The New York Mets today announced the launch of "The Wright Thing," a community program created by David Wright to honor and recognize volunteers who made an extraordinary impact on the lives of individuals and organizations impacted by Hurricane Sandy. The season-long initiative seeks to raise awareness that more work needs to be done as our hometown continues the recovery and rebuilding process.
The Mets and Wright today will welcome Jerry Chan to Citi Field as the program's first honoree. Chan coordinated relief efforts for thousands of residents at Knickerbocker Village in Manhattan, a community of 13 buildings that was without power for one month after Sandy. Chan led a group of volunteers that worked seven days a week going door to door, delivering food and supplies to many of the 3,000 middle- to low-income residents, many of whom were elderly and only spoke Cantonese. Chan is a volunteer for the Community Emergency Response Team, organized by the New York City Office for Emergency Management.
As a Wright Thing honoree, Jerry Chan will meet with Wright before tonight's game and receive an autograph mini-replica of third base. He will sit in VIP seats behind third base and be honored on Citi Vision during the game.

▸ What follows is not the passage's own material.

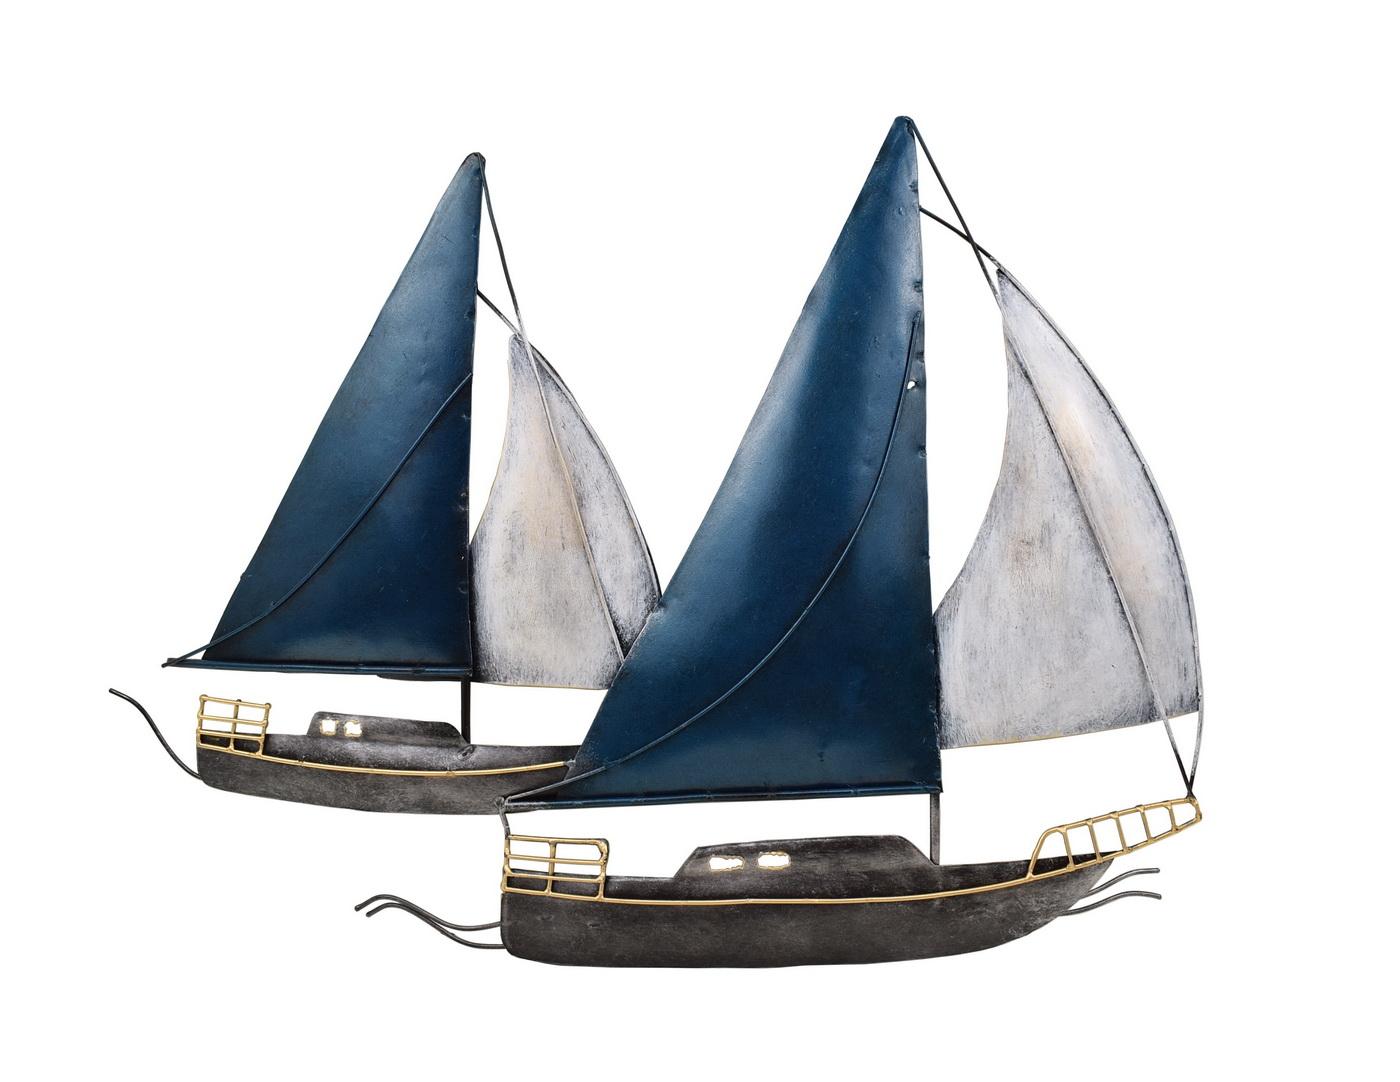 Full Size of Klapptisch Wanddeko Schiff Segelboot Metall Segel Boot Maritim Real Küche Garten Wohnzimmer Wand:ylp2gzuwkdi= Klapptisch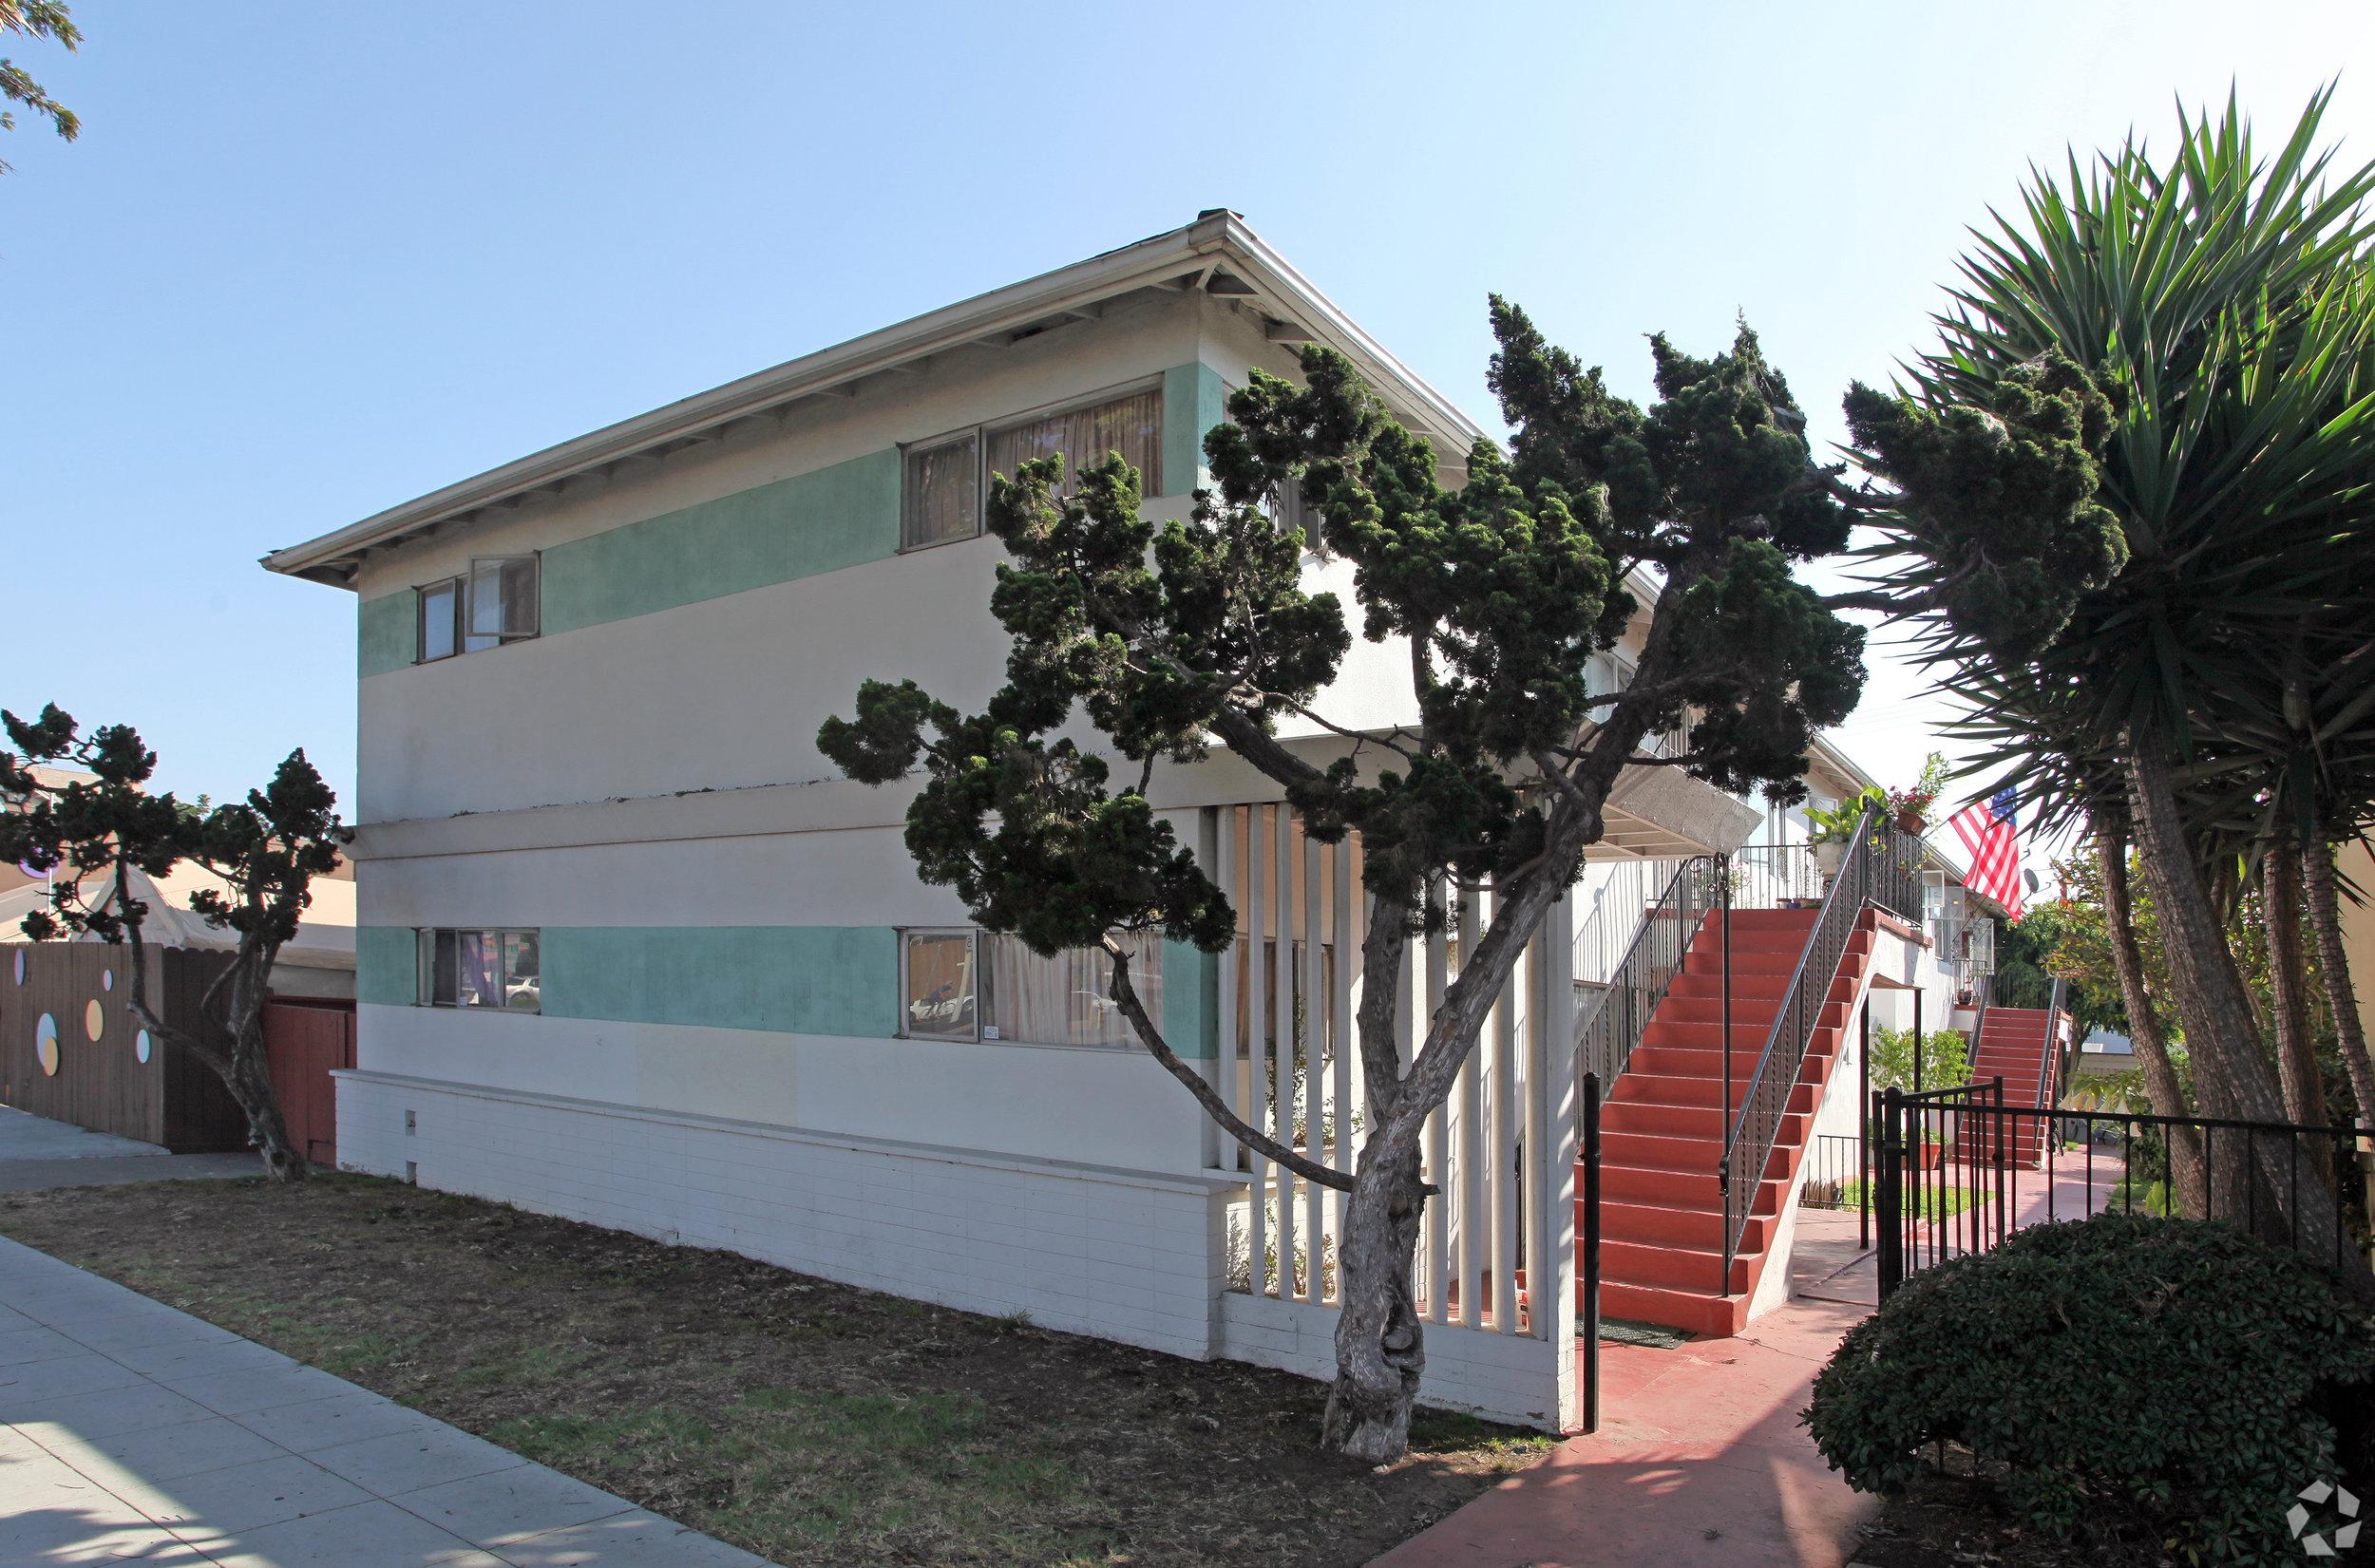 4109 Park Boulevard - Hillcrest8 Units$2,000,000

Wright was inspired to create The Wright Thing after a trip to Staten Island last December to make a $250,000 donation with the Mets Foundation to the Mayor's Fund to Advance New York City supporting hurricane restoration efforts. Wright witnessed the devastation caused by the storm and those images and dedication of the residents and volunteers to rebuild their communities left a lasting impression.
"My visit to Staten Island was truly eye-opening," Wright said. "I wanted to do something to help repay the thousands of volunteers who devoted countless hours to helping our City recover. It's an honor and inspiration for me to meet people like Jerry who gave so much of themselves to help others during this ongoing crisis."
Wright also shot a public service announcement that will air in park about the importance of Sandy relief efforts and encourage those wanting to help to visit NYCService.org.